The designated originals of the loan documents for each loan obtained through the LendingClub Platform are maintained in electronic form. For previous CLUB transactions, LendingClub used eOriginal, an unrelated third party, as custodian.

When a borrower signs a loan agreement, LendingClub creates two forms of the PDF: the authoritative PDF document and a watermarked PDF copy. Both copies are securely stored and access to the authoritative PDF document is restricted. Loan ownership is tracked and recorded in the LendingClub system of record.

Similar to previous CLUB transactions, on the closing date, an electronic vault will be established in the name of the Grantor Trust. The backup servicer and sub-backup servicer will be granted access to the watermarked PDF documents.

“In the event LendingClub files for bankruptcy, the fact that it custodian may make it more difficult to access loan documents and may cause a delay in timing and reduction in recovery amounts,” Kroll stated in its presale report.

However, while LendingClub has less experience handling digital loan documents compared to third party custodians, Kroll believes it has implemented appropriate systems and control processes to help address document control risks.

LendingClub has securitized a total of $930 million in its three prime consumer loan securitizations this year. (The marketplace lender also makes nonprime loans that are securitized via a separate platform.) As of Sept. 30, 2018, it held $492.6 million in loans on its balance sheet, of which $479.3 million were being held for primarily for upcoming securitizations and sale to investors via pass-through certificates.
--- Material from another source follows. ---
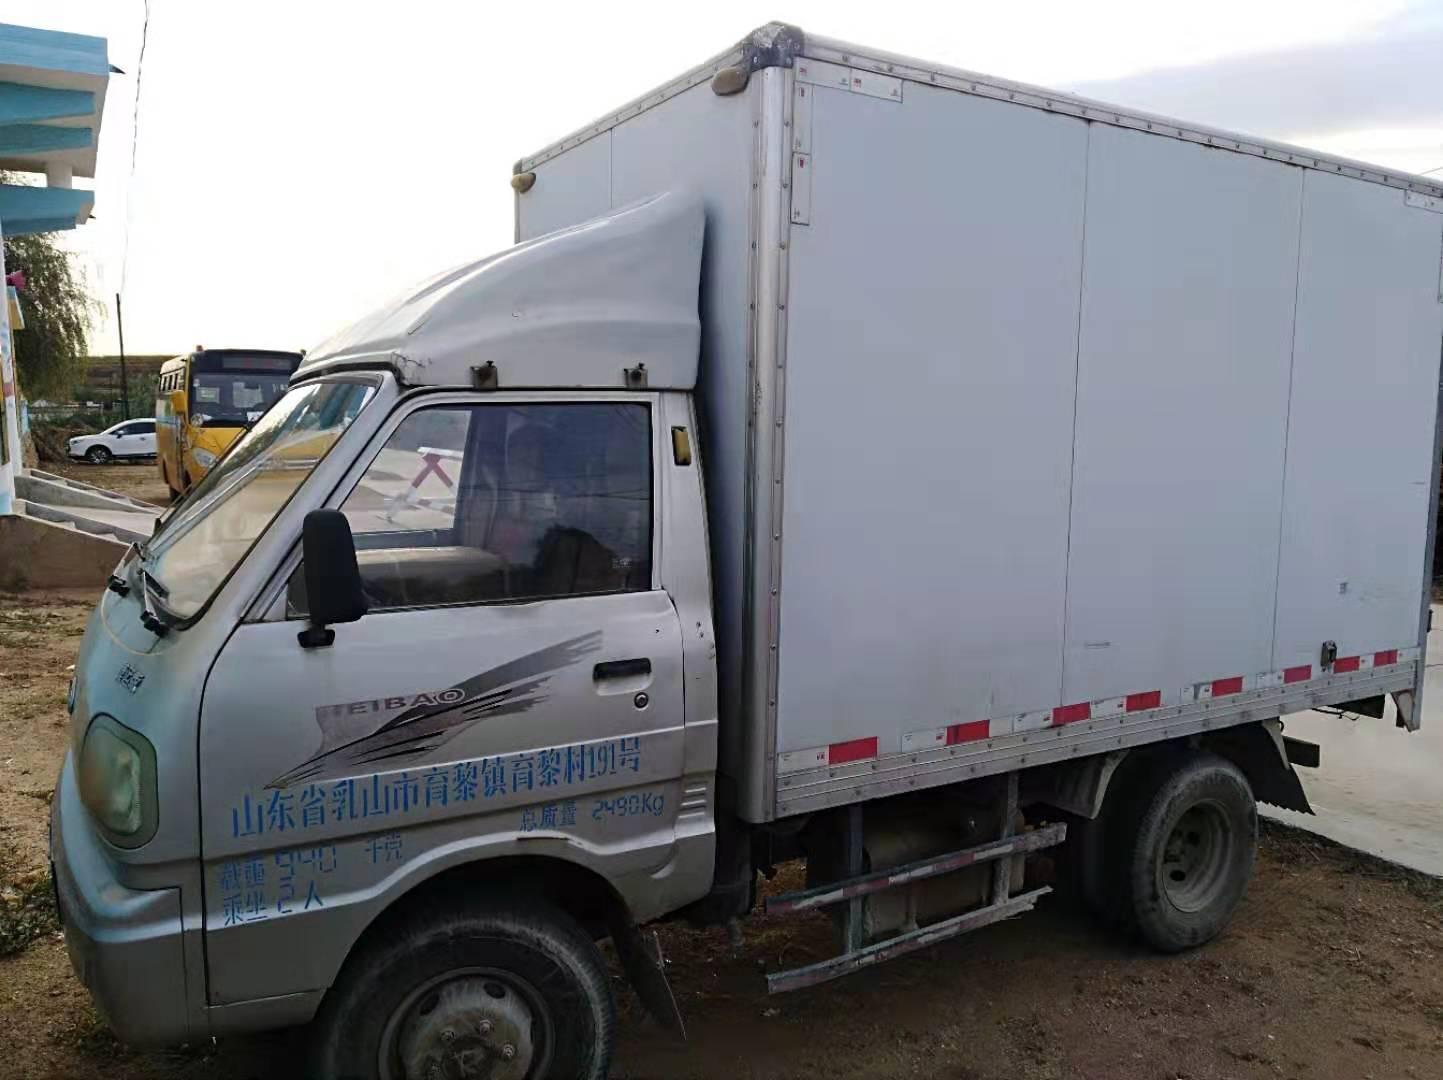 出售09年11月份的厢式货车黑豹牌单排
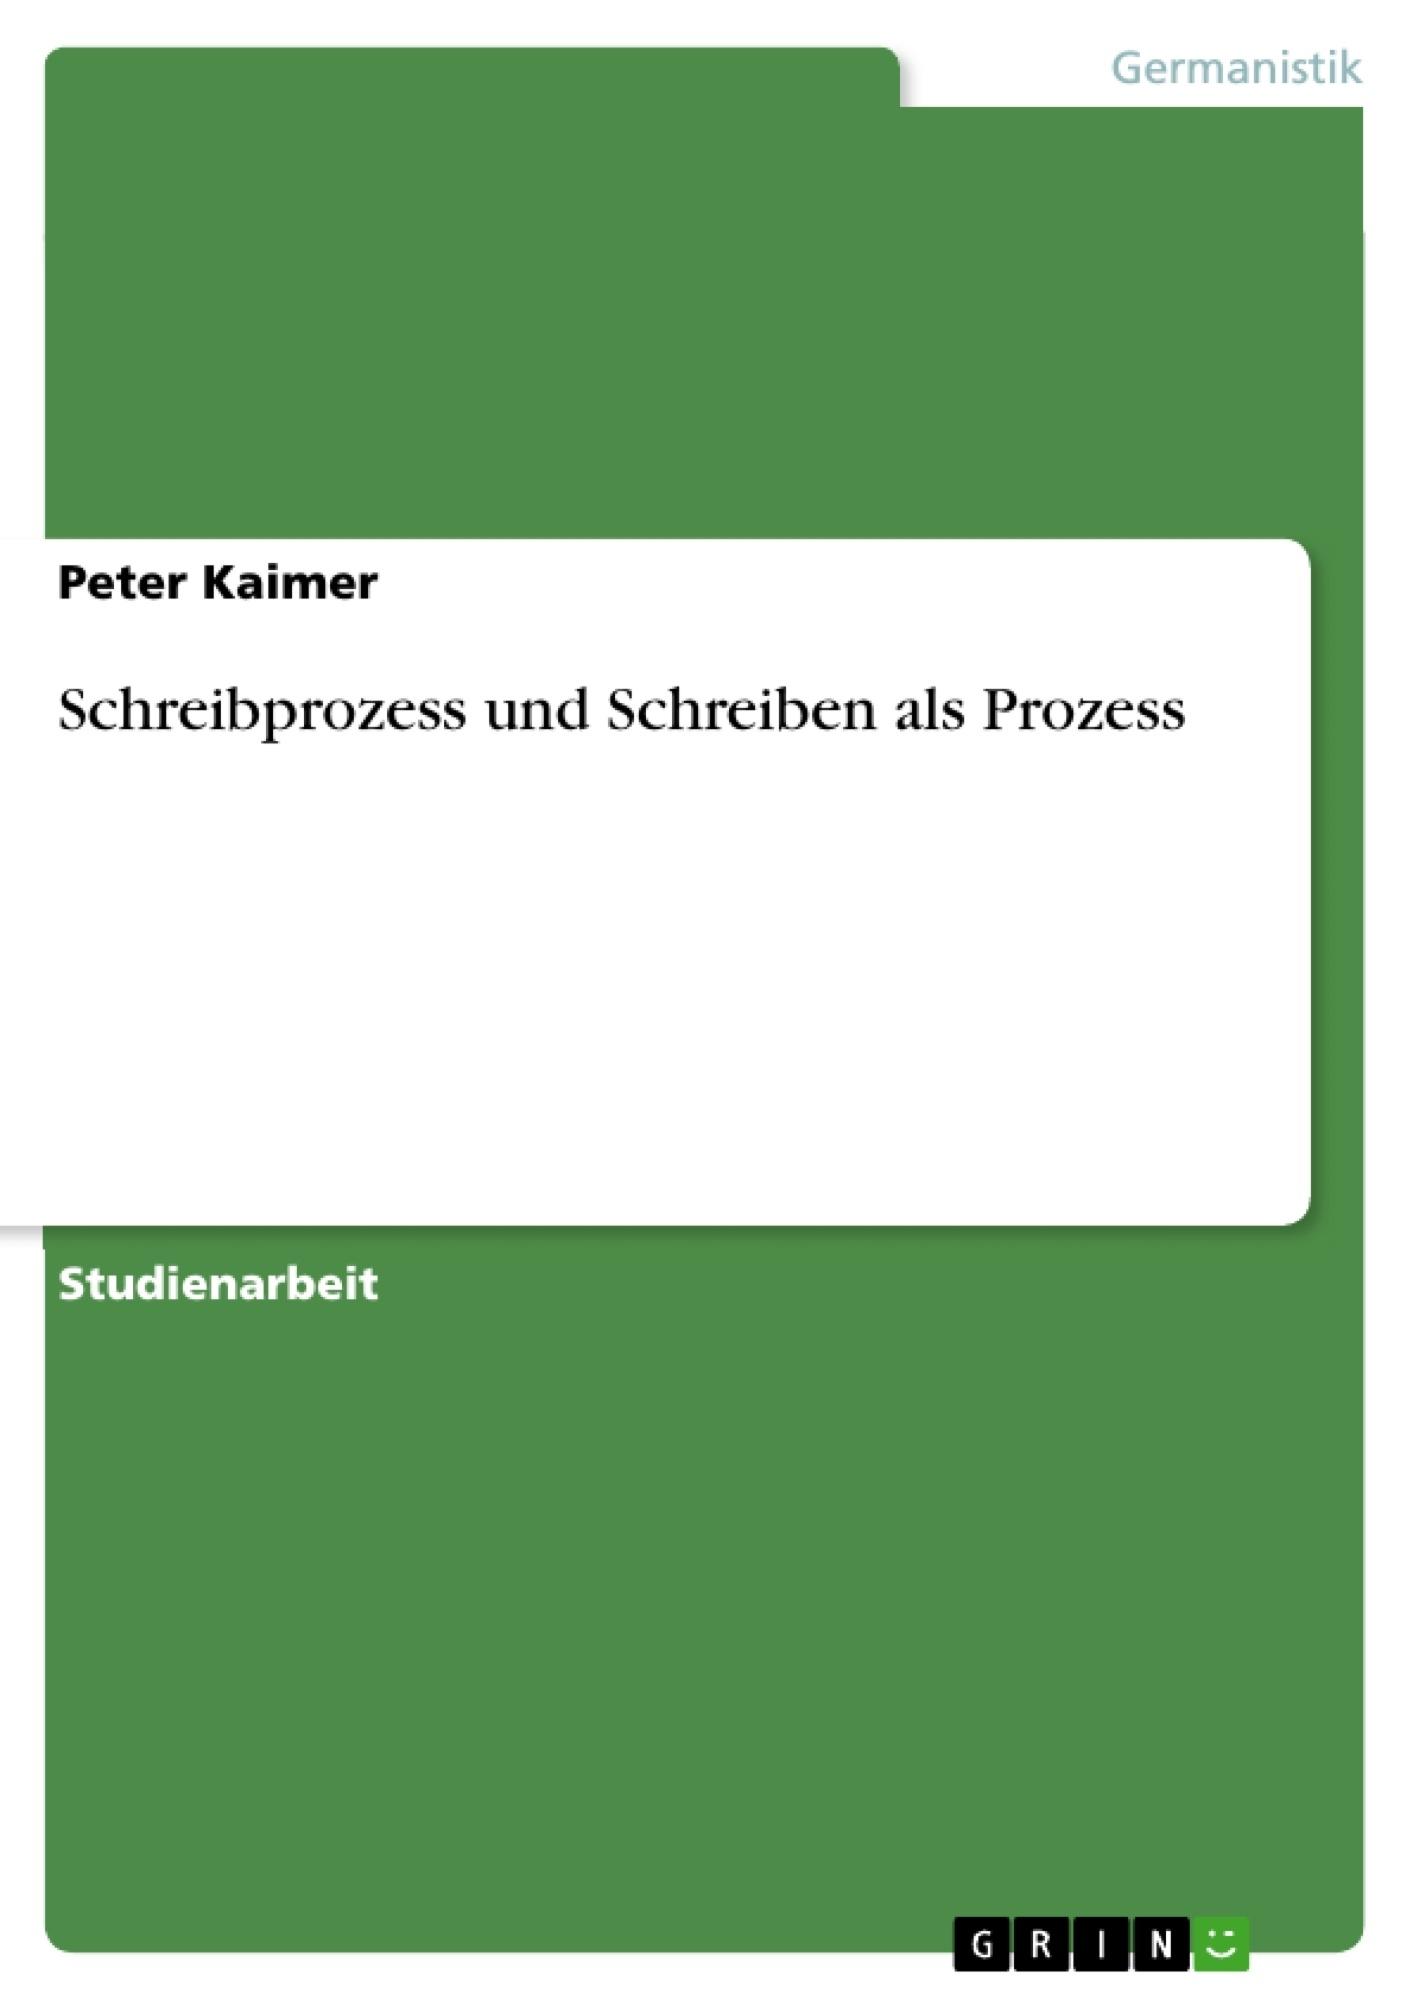 Titel: Schreibprozess und Schreiben als Prozess

Kroll noted that in the third quarter, LendingClub was less dependent on sales of whole loans to banks, which accounted for 38% from 40% in the prior quarter. However, the proportion of loans that LendingClub fund by holding them on its own balance sheet also decreased, to 15% from 18%.

In the third quarter, of the $2.89 billion invested on the LendingClub’s platform, 21% came from managed accounts, 7% from self-managed individuals, 38% from banks and finance companies and 19% from other institutional investors including pension funds, assets managers and insurance companies. LendingClub funded the remaining 15%.